Monday, October 18, 2010

A "date" with John - at Fall for Dance!


Do you ever invite people you like to go out with you, in the evening? Even though you aren't sure if such an outing is technically a date or not? I do! It's fun! Knowing whether or not you're on a date is overrated, in my book.


Case in point: I took my new friend John to see "Fall for Dance" at the City Center, the annual, instantly-sold-out event that's been charming dance-loving New Yorkers for seven years now. I told my therapist earlier that day that, although I did not know whether it was a date or not, I would definitely know by the end of the night. That turned out to be true, and I knew sooner than I had anticipated. When I greeted John outside the City Center, he took me by the shoulders and immediately gave me a kiss - pointedly - on the cheek. "This is not a date," I immediately realized.
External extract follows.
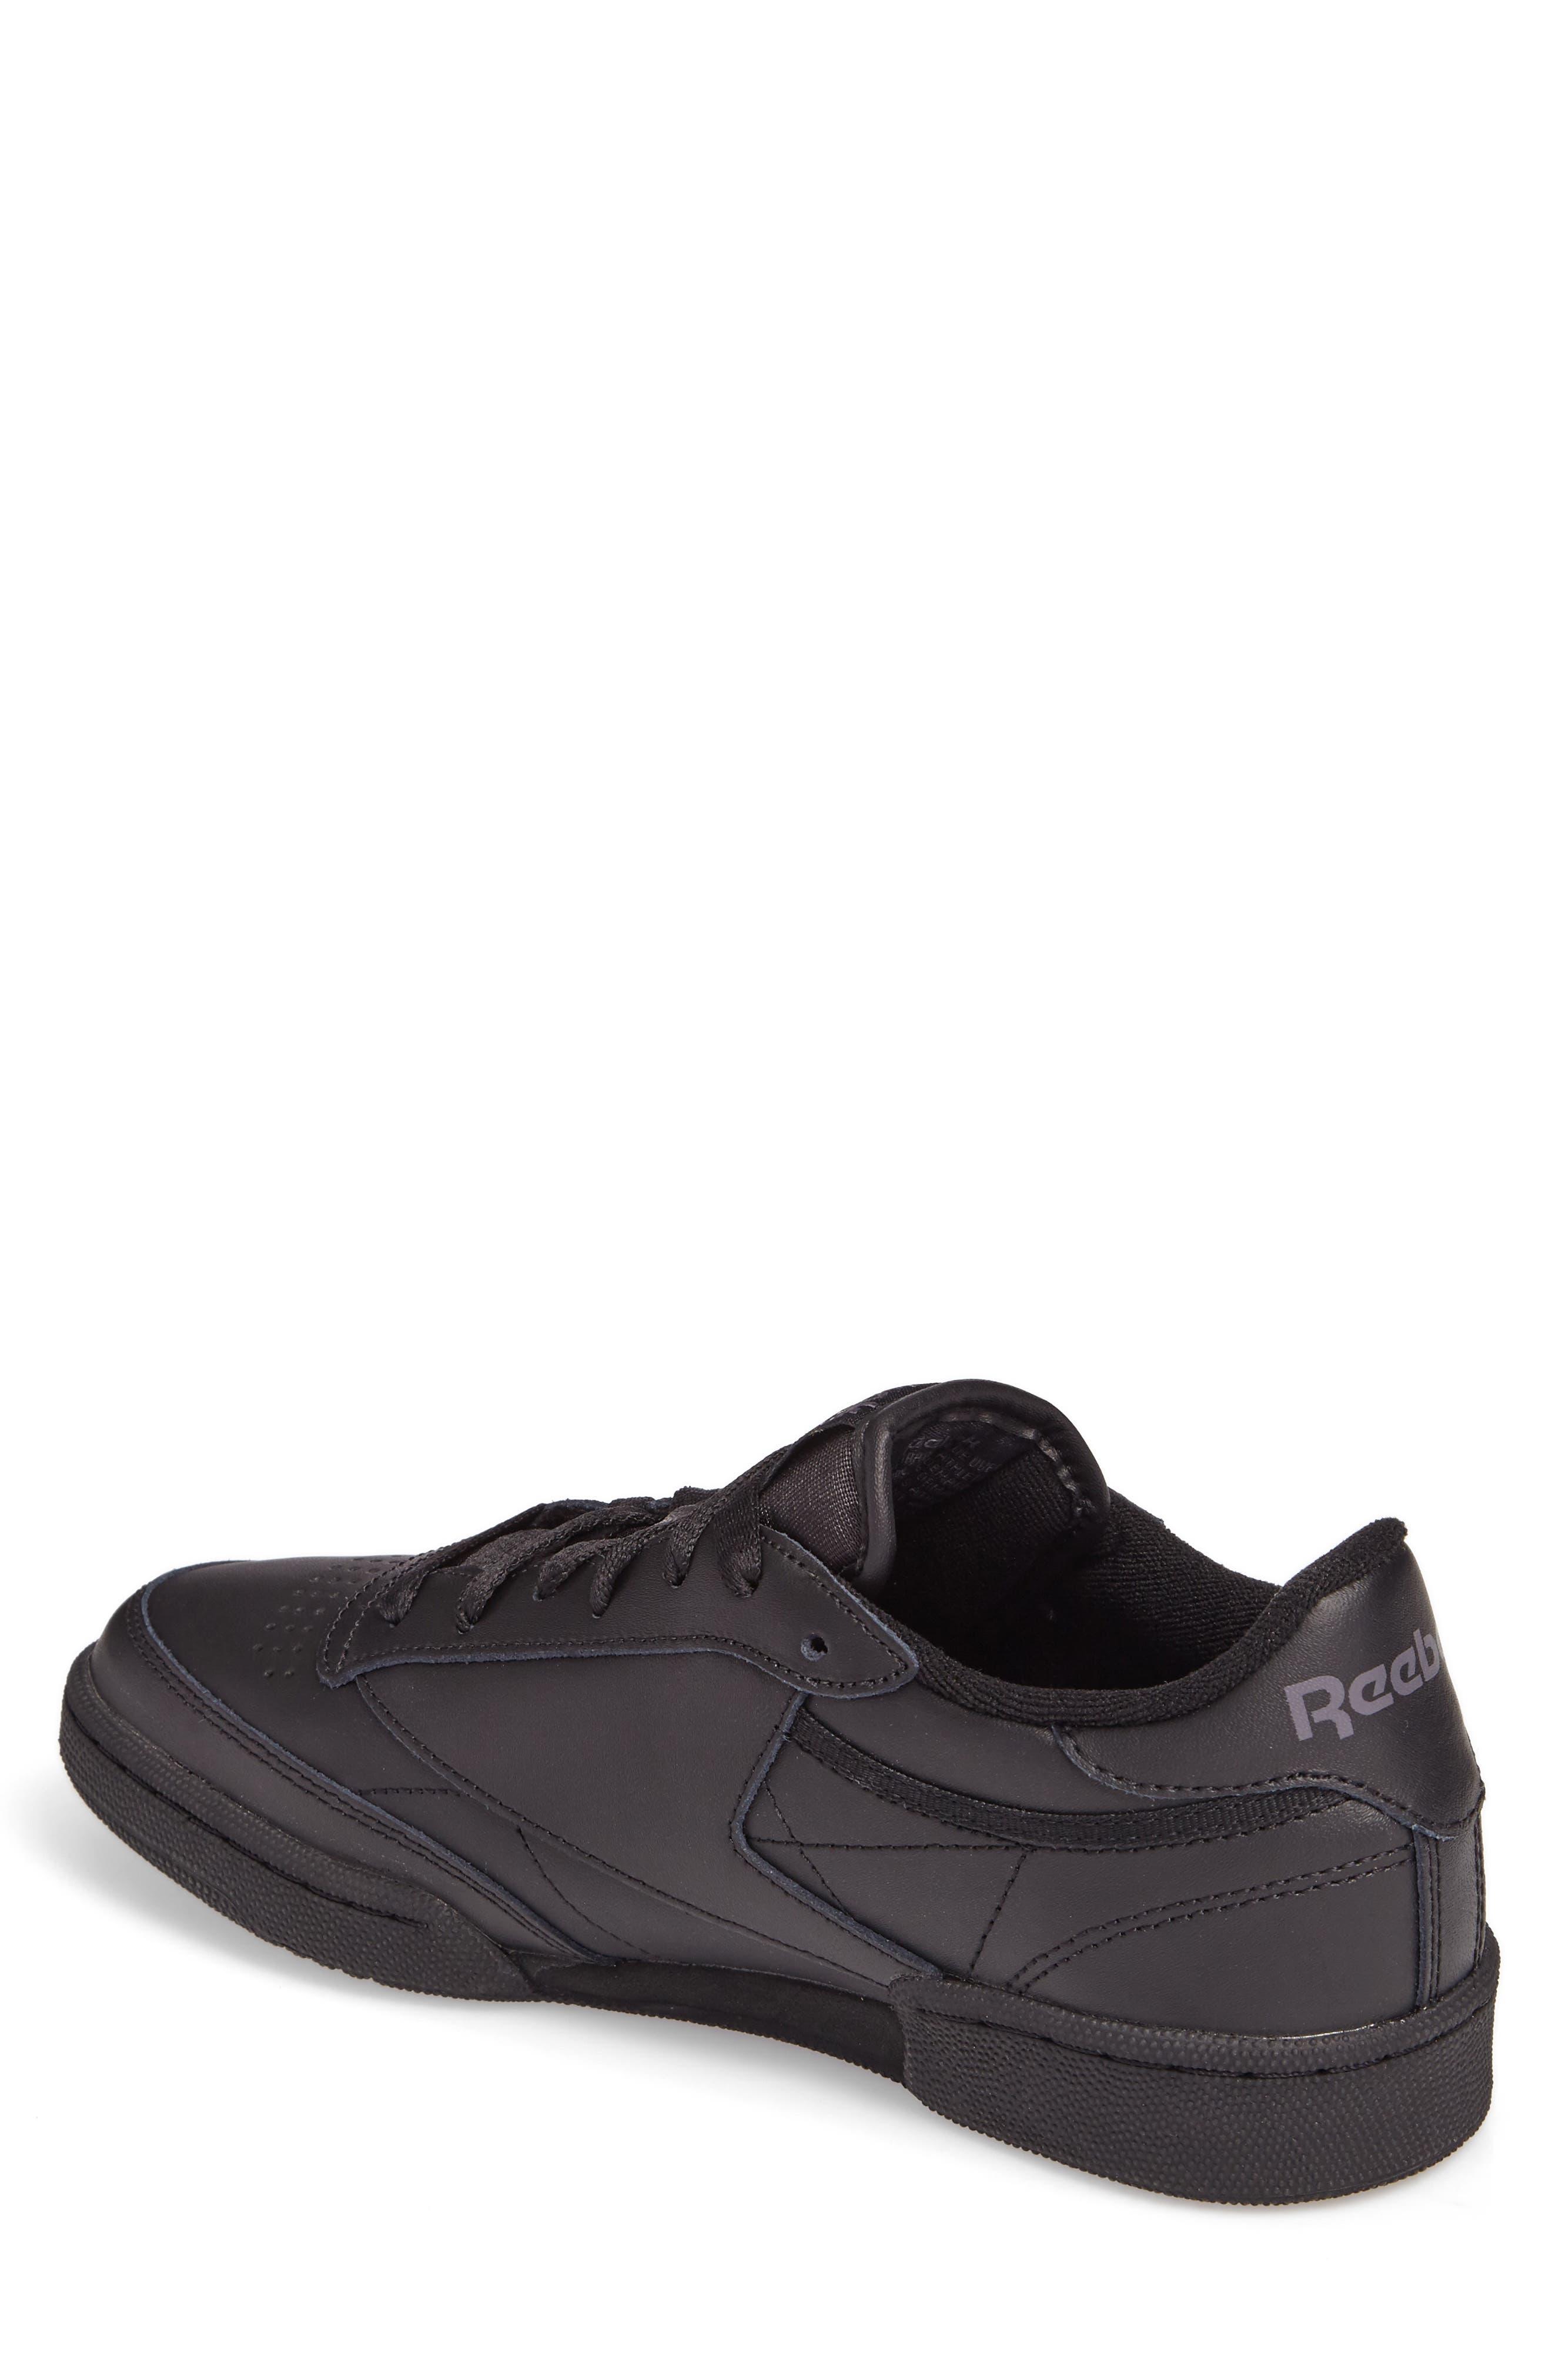 Alternate Image 2  - Reebok Club C 85 Sneaker (Men)

Oh. The formality of his peck was not the only clue I had received, of course, over the last few weeks of our acquaintance, but being clueless about nonverbal communication is one of my many charms. We settled into our seats.


All throughout the performance, I got to work through - silently - my issues with space. As many people know, I have a strangely large "personal bubble," and don't really like casual touching as a rule. But the seats in the City Center were very close together, and John, as though trying to at least give me something for the tickets, engaged in some prolonged leaning-in and heavy rubbing of his shoulder against mine - practically frottage. Each time we touched, I held my breath and giggled on the inside. Hee hee!


One of the dancers from the Dresden Ballet had on a lime-green tutu with what looked like a small circular table attached, keeping her partner at arms length. "How I yearn to wear an outfit like that," I whispered dramatically to John. But not right at that second, of course. I wouldn't have wanted that outfit right then. For a middle-aged man at a dance performance in Manhattan's midtown, with the first tinge of fall in the air, sometimes a little rubbing is as good as it's going to get, and you sort of don't want anything to get in the way. Or, at least, so I've heard it said.